獨身女性是美國成長最快的族群
摘錄自:天下雜誌 經濟學人電子報 2013/12/27
2013-12-19 Web only 作者:經濟學人
圖片來源:flickr.com/photos/yourdon/ |
結婚率緩步下滑,正逐漸顛覆美國政治版圖。在2012年總統選舉中,獨身女性佔總投票近四分之一,而且她們大多投給歐巴馬;歐巴馬在這個族群的得票率領先對手36個百分點。

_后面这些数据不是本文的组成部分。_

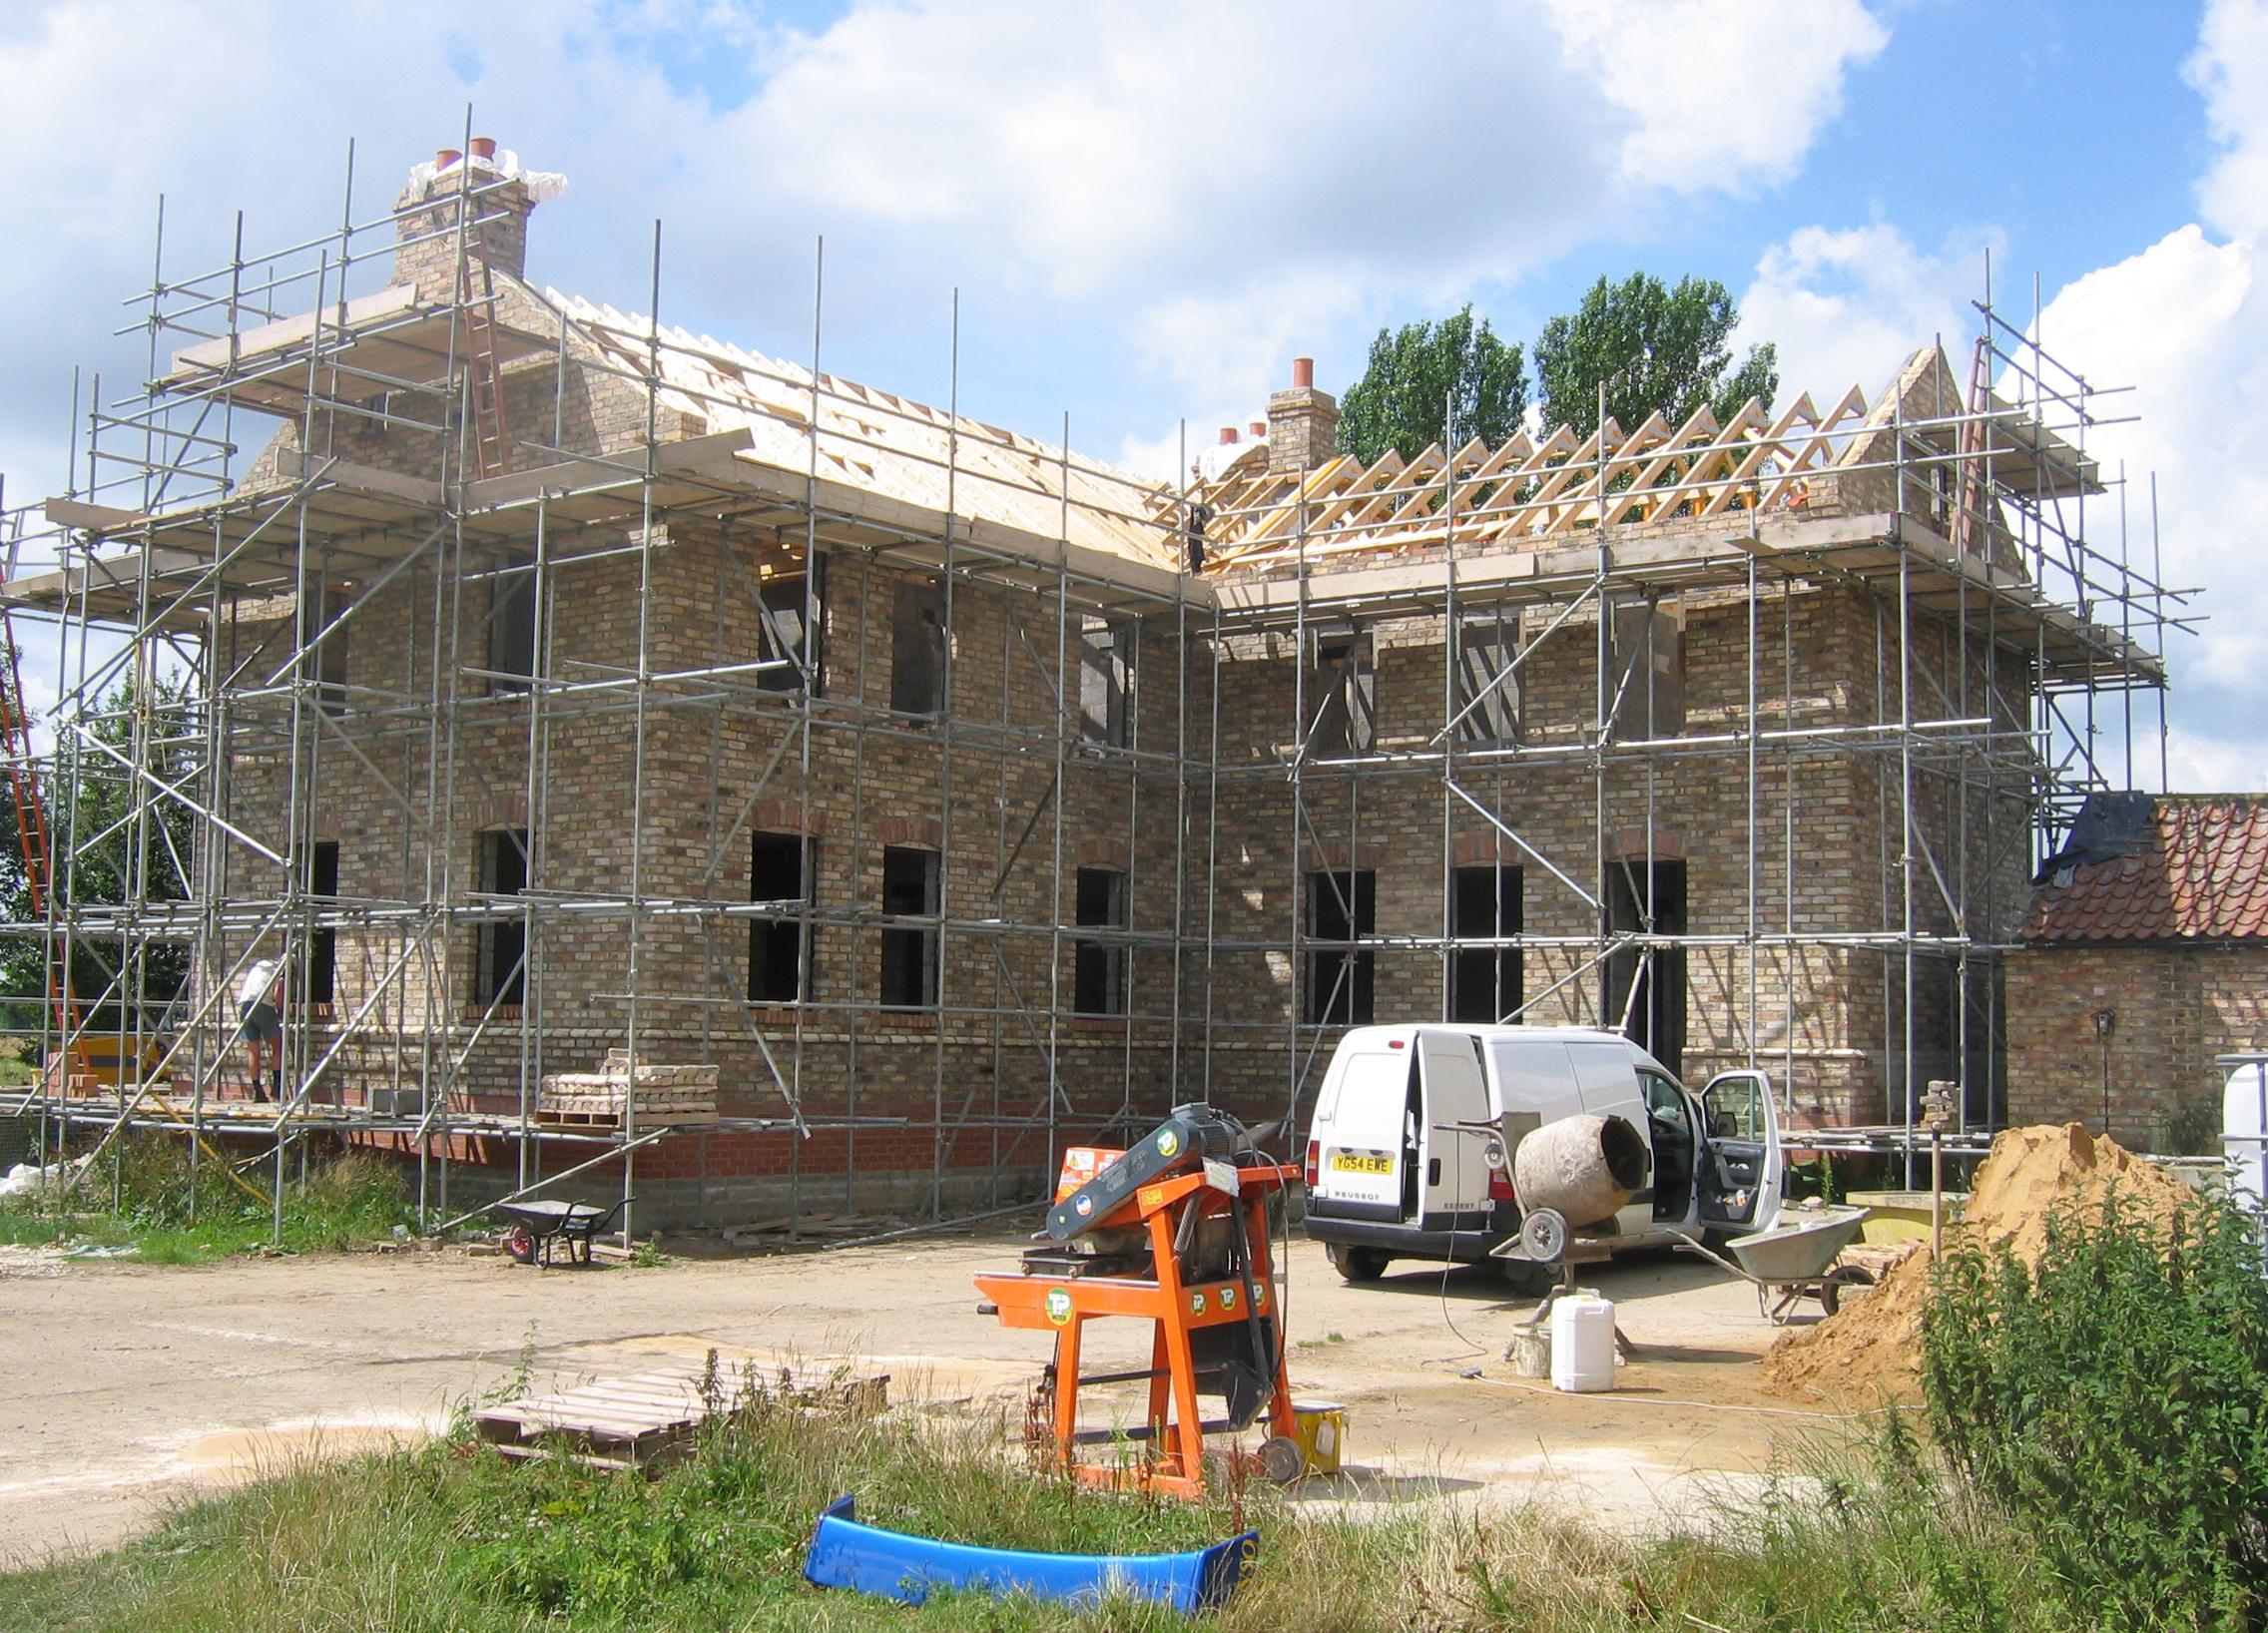 Rascal Wood Construction 12 - East Yorkshire Architects - Samuel Kendall Associates.JPG

你或許會認為,這個包括未婚大學生、都會單身母親和離婚專業人士的族群並沒有太多共同點。但獨身女性對民主黨極為忠誠──前提是她們有去投票,而許多人並不會投票(寡婦是個例外,和已婚女性一樣比較常投票)。總體來看,女性一向支持民主黨:歐巴馬的女性得票率領先羅姆尼11個百分點。以此觀之,「婚姻落差」超越了性別落差。
就像科學家會爭論量子物理,部分政治專家也在思考,「獨身女性」是否足以成為一個選民族群,還是說這個標籤只不過包括了各種左傾選民區塊:年輕人、窮人、較世俗派的美國人,以及非白人。要不是三大相互關聯的發展,那應該只是個有趣的形上學問題。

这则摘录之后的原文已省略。